Since that decisive moment, I have to overcome many fears daily. The fear of not being understood because of my accent (thanks to the person who refused to talk to me on that summer day!), the fear of making an obvious mistake that even a first grader wouldn’t do, and the fear of being underestimated and put aside based solely on my accent.

When I started to work with Deloitte, I decided that these fears were silly and were not worth blocking me from achieving my goals. Shifting my perspective, and working in an inclusive culture that embraces diversity, has helped me to lose my fears and move forward in my career.

Deloitte has a unique culture and openness is a central part of it. People at Deloitte, regardless of their rank, are open to differences and appreciate them. At Deloitte, colleagues like to network and learn more about each other. When my co-workers hear my accent for the first time, they are very interested to learn more about my story. It is usually a very good icebreaker and a good way to start the conversation. At Deloitte you shouldn’t be afraid to show your differences because each persons’ unique perspective and background only further contributes to Deloitte’s inclusive culture.

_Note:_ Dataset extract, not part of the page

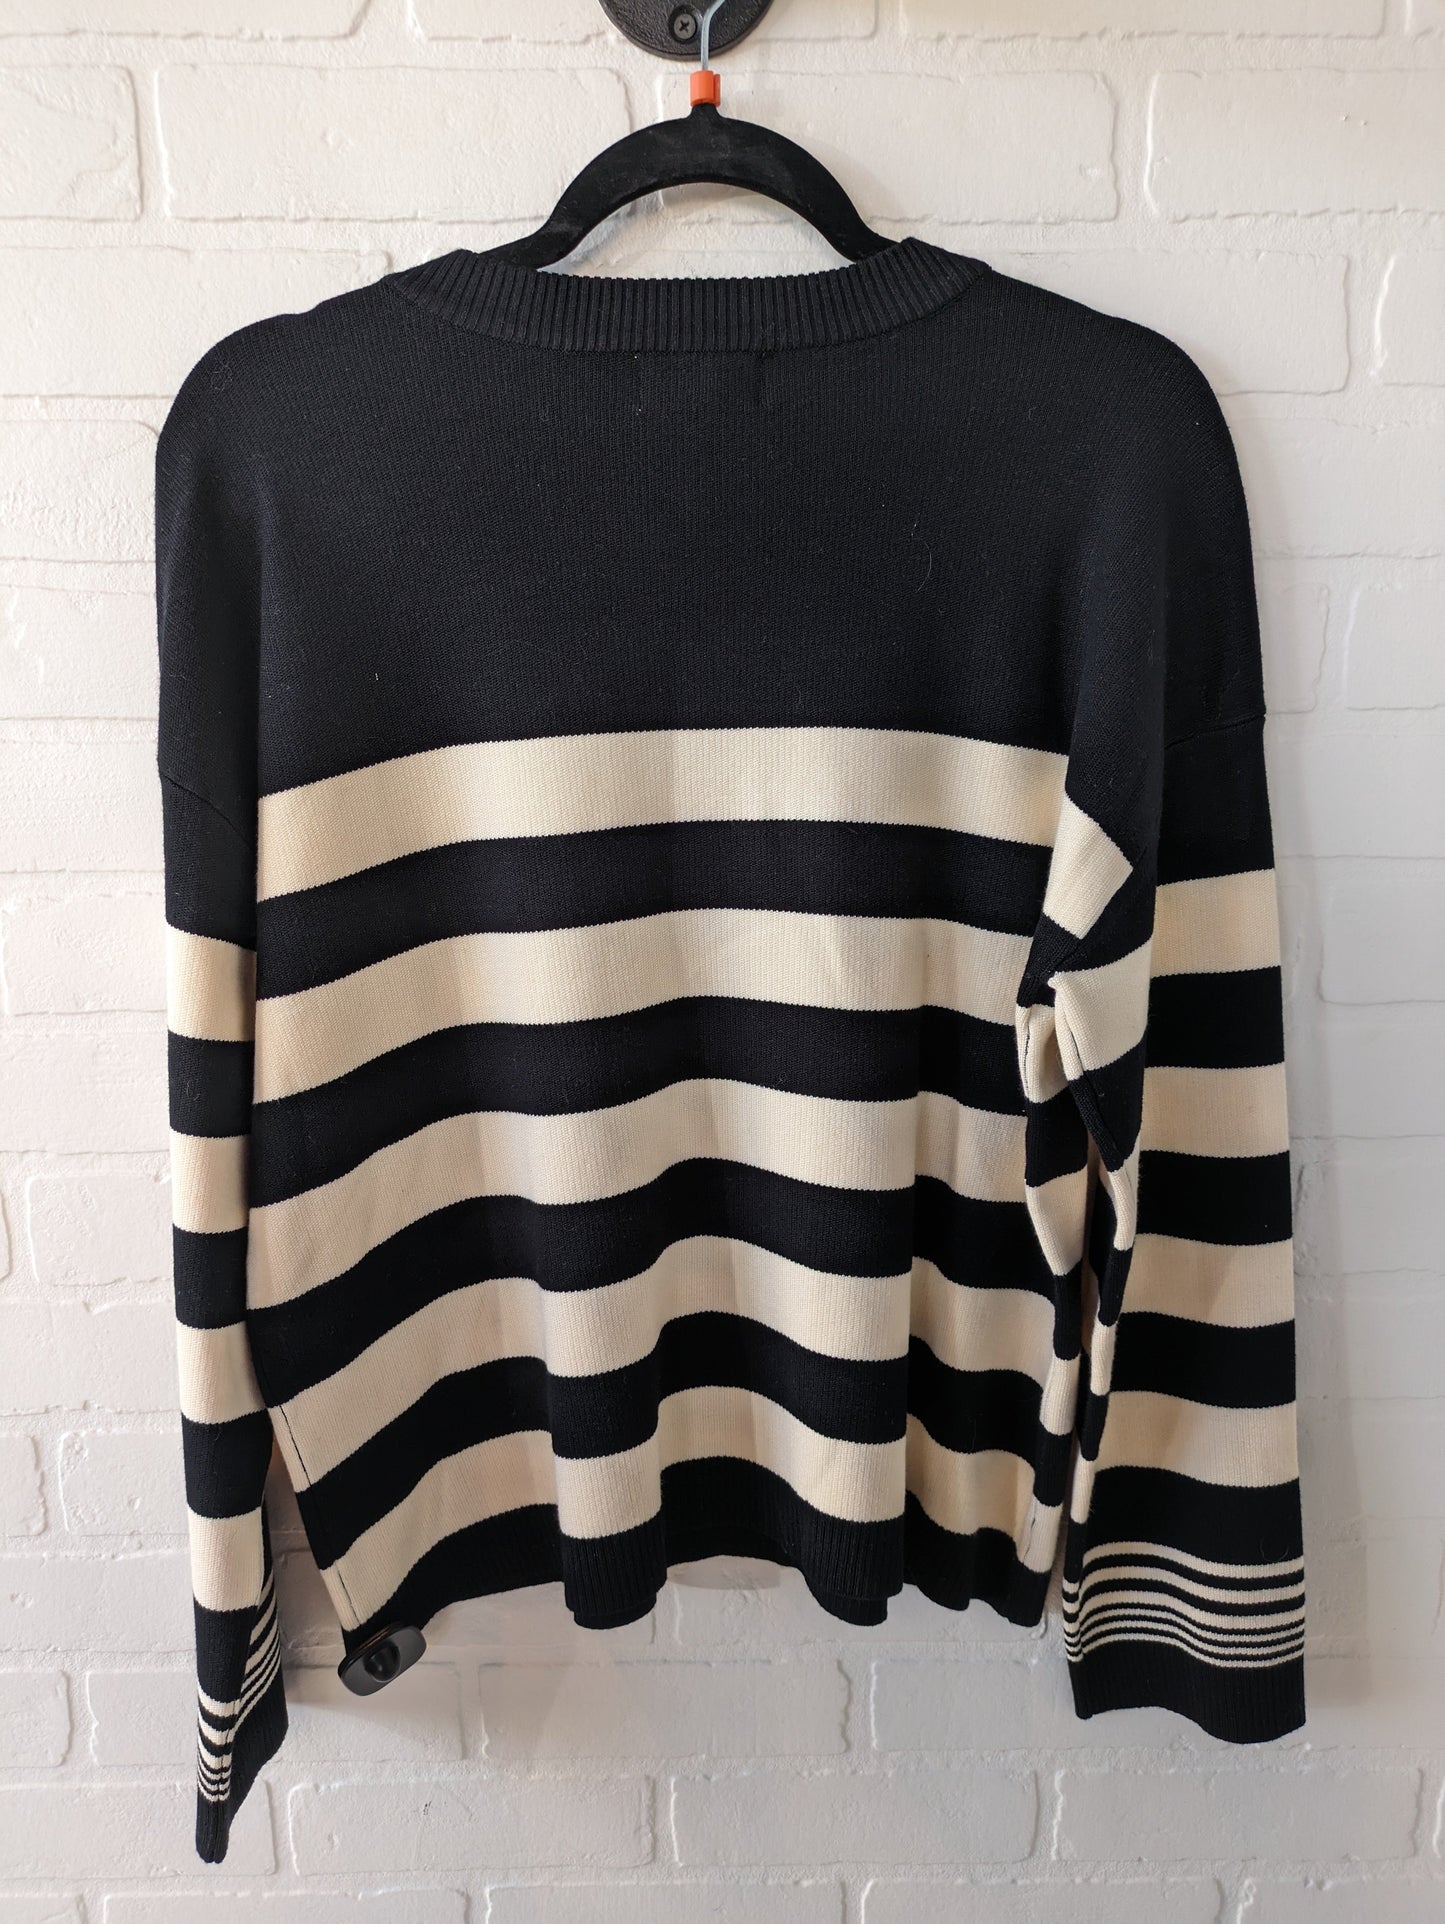 Sweater By Cmc  Size: L

To all of you who work in their second, third or even forth language, be proud of yourself. Be proud of doing something that most people will never have the courage to do. Be proud that you’re overcoming difficulties, fears, and are achieving your goals. Most of all, be proud of your accent it shows your uniqueness and tells your story which is a story that should be told.

Mathieu obtained a Bachelor of Commerce with distinction (B. Comm.) with a specialization in Supply Chain Management at the John Molson School of Business. He is currently a Business Technology Analyst in our Montreal practice.